I'm enjoying reading all the posts here. Thank you!
Comment by Joan Denoo on January 20, 2013 at 10:38pm

Dominic, Oh yes, I am familiar with Tithonia, Mexican sunflower. I had one for several years and it outgrew its space, so I replaced it with a rose. Hamelia patens is now to me ... I have never gardened in Florida. Thanks.

Comment by Dominic Florio on January 20, 2013 at 10:29pm

The first two butterflies are on our native fire bush Hamelia patens and the third plant is known by the common name of Mexican sunflower

(Tithonia.)

I have several plants of both over eight feet tall.

Comment by Joan Denoo on January 20, 2013 at 10:06pm

Tony, your photos of a grape tree and an octopus dazzle my imagination! 

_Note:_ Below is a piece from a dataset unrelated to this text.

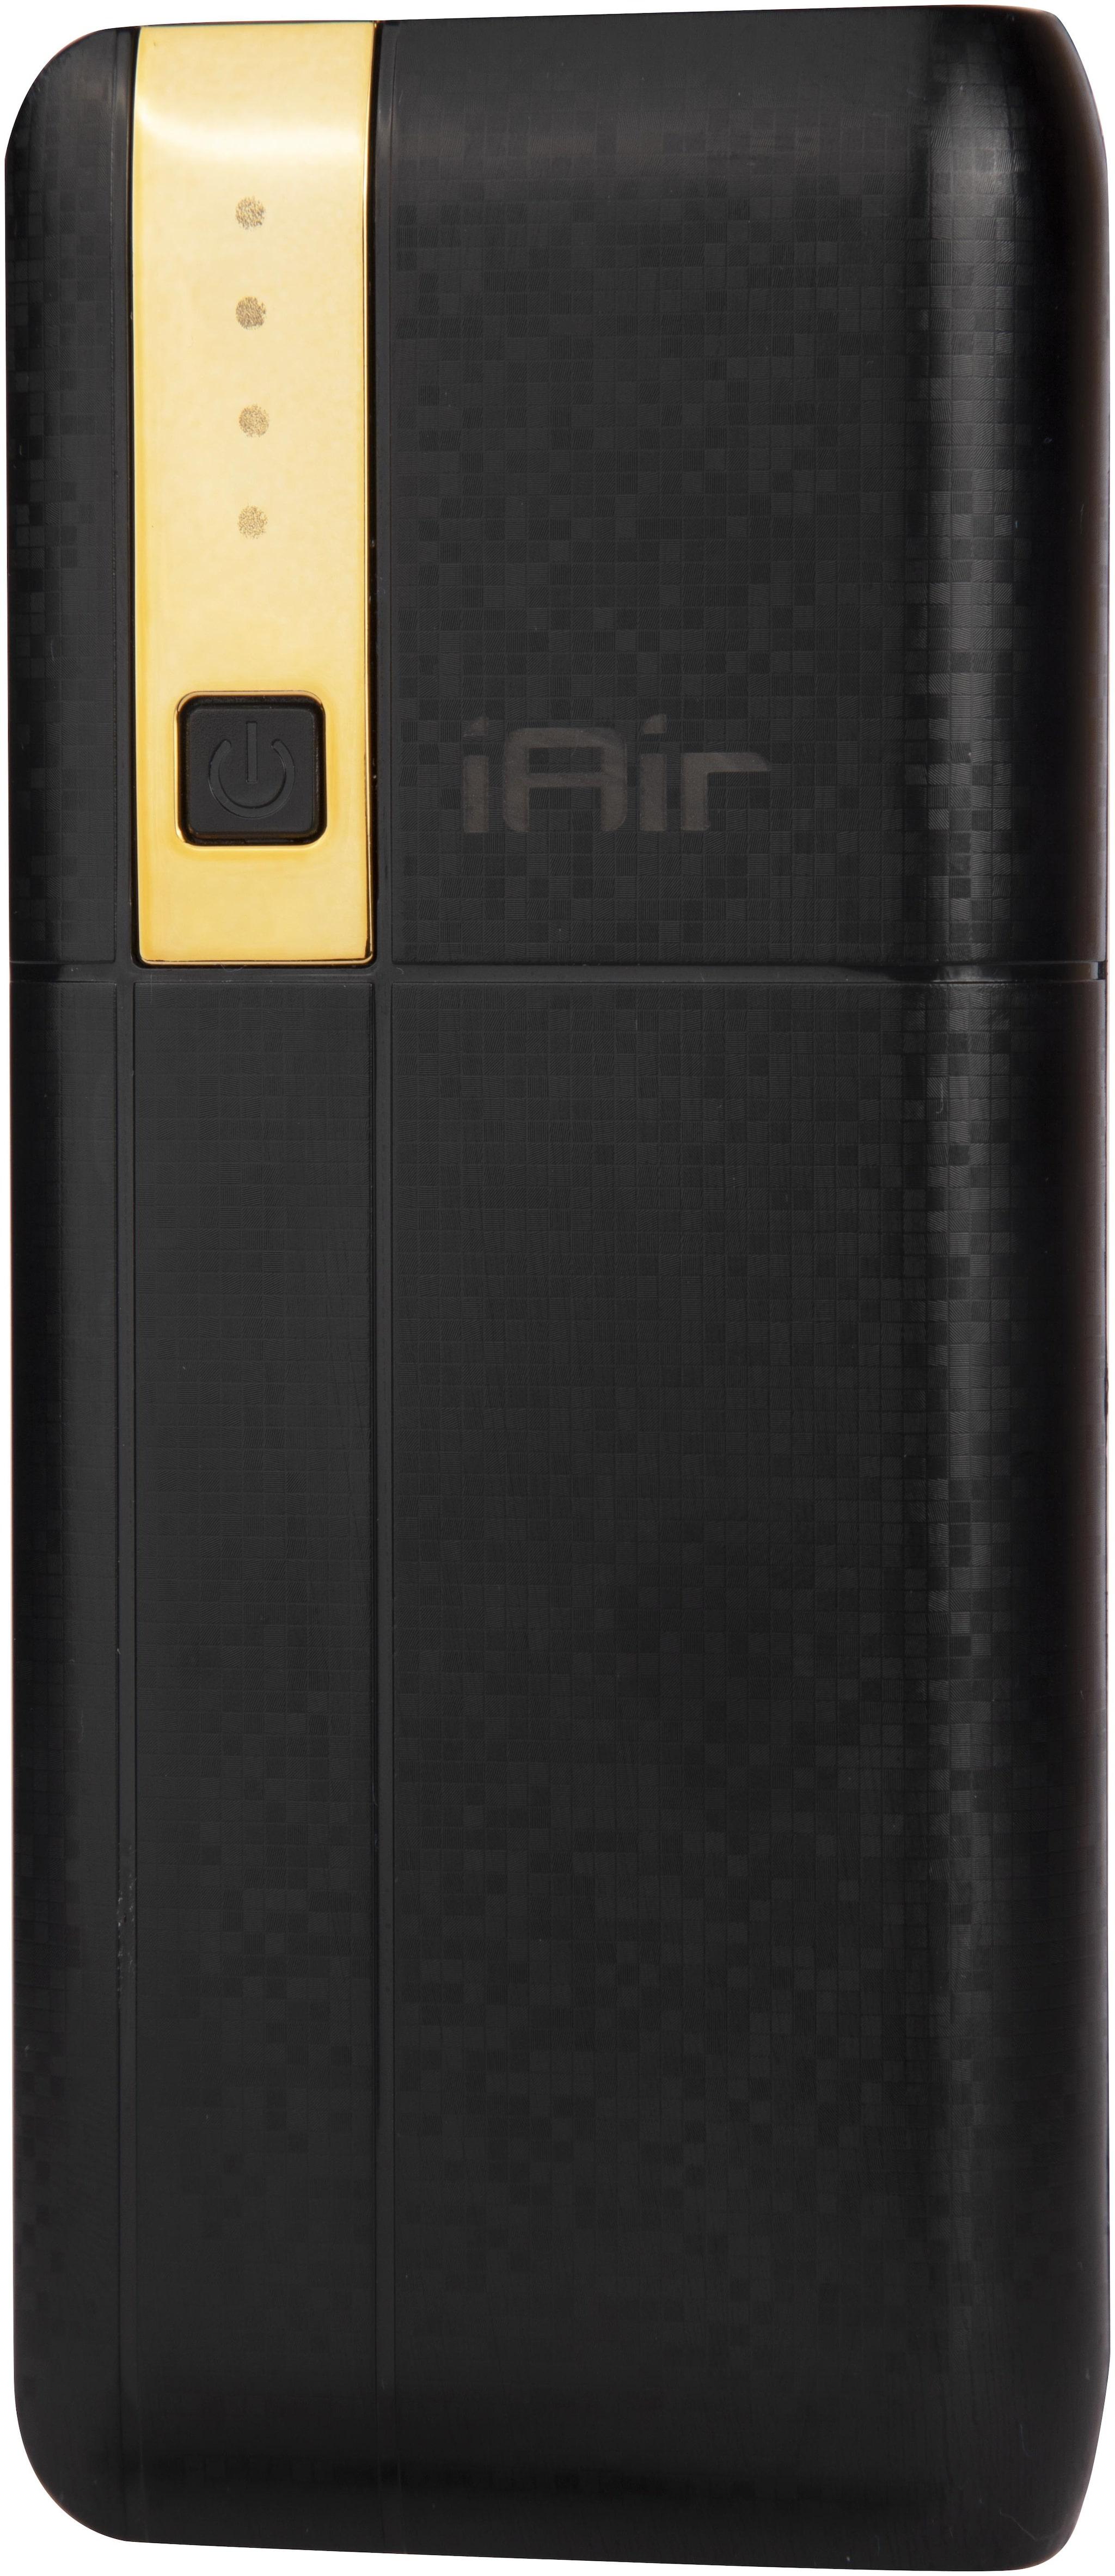 Iair Power Bank 10000 mAh Portable Power Bank   Black

Comment by Joan Denoo on January 20, 2013 at 10:04pm
Dominic, many of your photos of butterflies sit on plants that look very much like an Asclepias, but I don't think it grows in Florida. I could be wrong.
Asclepias tuberosa L.
http://www.wildflower.org/gallery/species.php?id_plant=ASTU
Comment by Tony Carroll on January 20, 2013 at 9:42pm

Comment by Steph S. on January 20, 2013 at 12:20pm

Tony - yes, it is so the seeds are spread further (relative abundance) - the article although about another species, answers the question of the plants role of ecology in the forest.

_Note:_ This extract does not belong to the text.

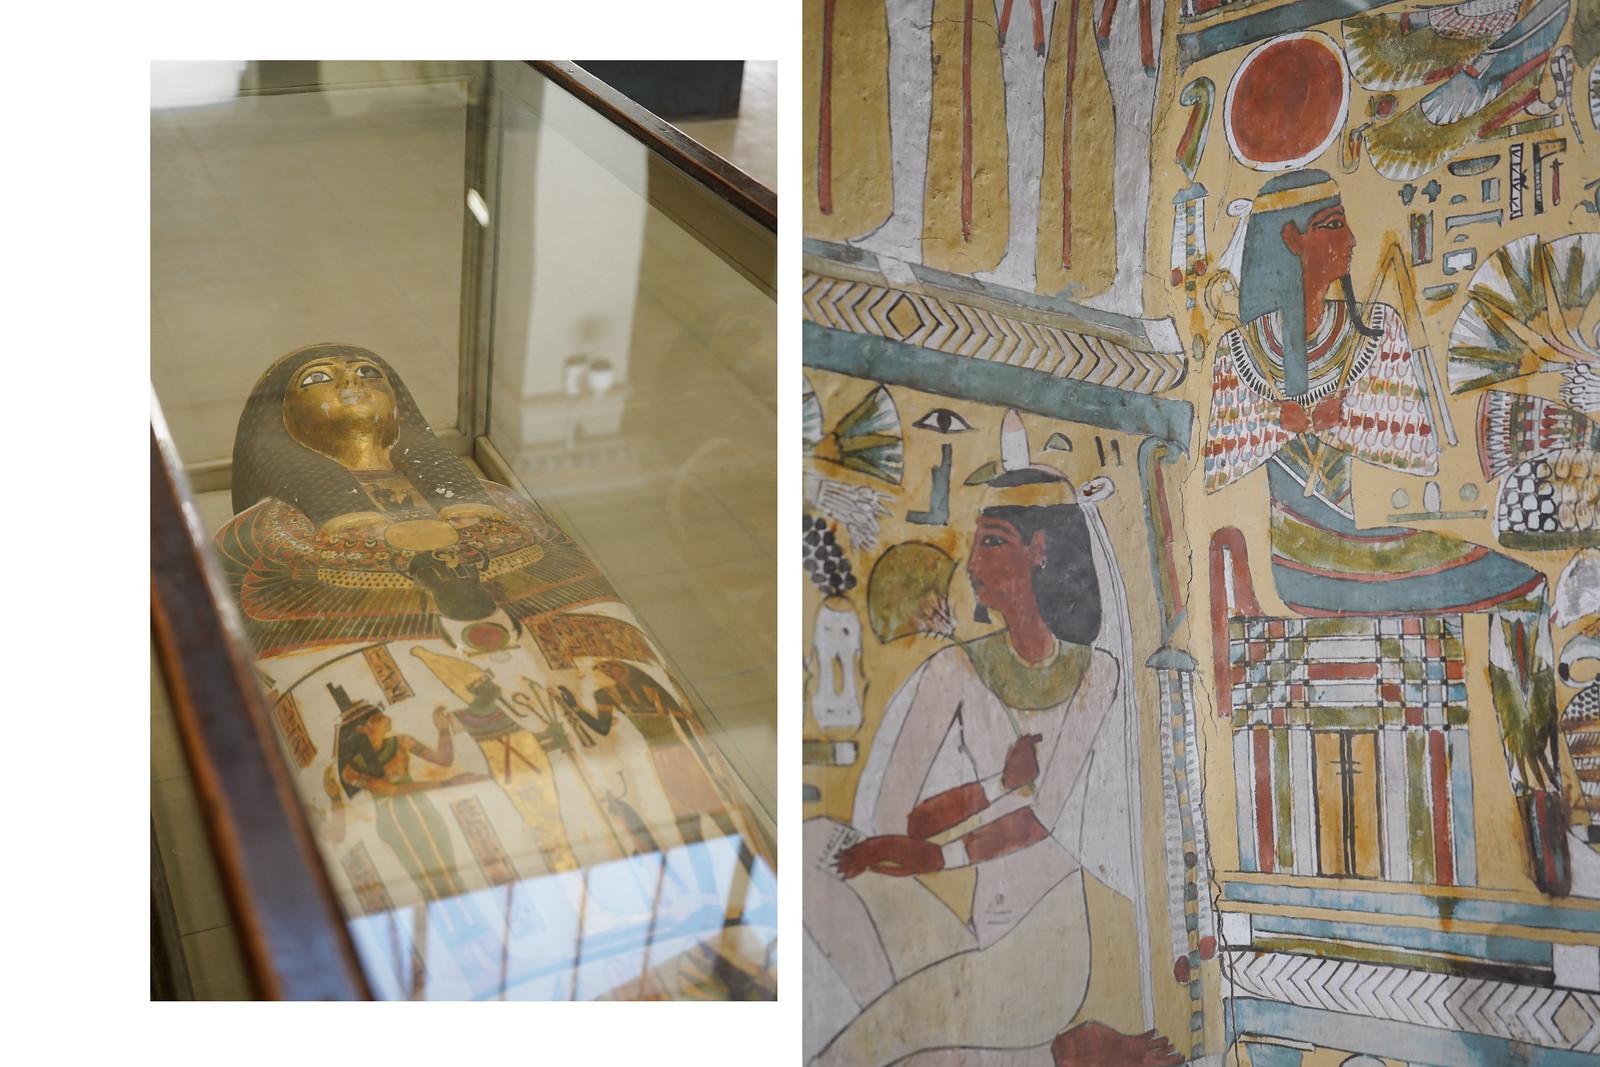 duo egipto 5

Comment by Steph S. on January 20, 2013 at 12:17pm

http://www.sciencedirect.com/science/article/pii/S0169534702024916
Here is an article discussing the role of the species and their role in the forest.
Abstract

Recent studies have demonstrated the increasingly important role of lianas (woody vines) in forest regeneration, species diversity and ecosystem-level processes, particularly in the tropics. Mechanisms responsible for the maintenance of liana species diversity could yield new insights into the maintenance of overall species diversity. Lianas contribute to forest regeneration and competition, not only by competing directly with trees, but also by differentially affecting tree species and thus changing how trees compete among themselves. In addition, they contribute considerably to ecosystem-level processes, such as whole-forest transpiration and carbon sequestration. As the rate of tropical forest disturbance increases, they are likely to increase in relative abundance throughout the tropics and the importance of lianas to many aspects of forest dynamics will grow.

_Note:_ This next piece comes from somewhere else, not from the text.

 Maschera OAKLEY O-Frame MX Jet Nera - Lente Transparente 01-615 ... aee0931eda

The ecology of lianas and their role in forests

Trends in Ecology & Evolution, Volume 17, Issue 5, 1 May 2002, Pages 223-230

Comment by Tony Carroll on January 20, 2013 at 12:11pm

I'm thinking easier for all animals to get to, so seeds from the fruit are spread further? The article didn't say.

Comment by Ruth Anthony-Gardner on January 20, 2013 at 12:08pm

Growing fruit on the trunk, interesting. I wonder what the adaptive value might be.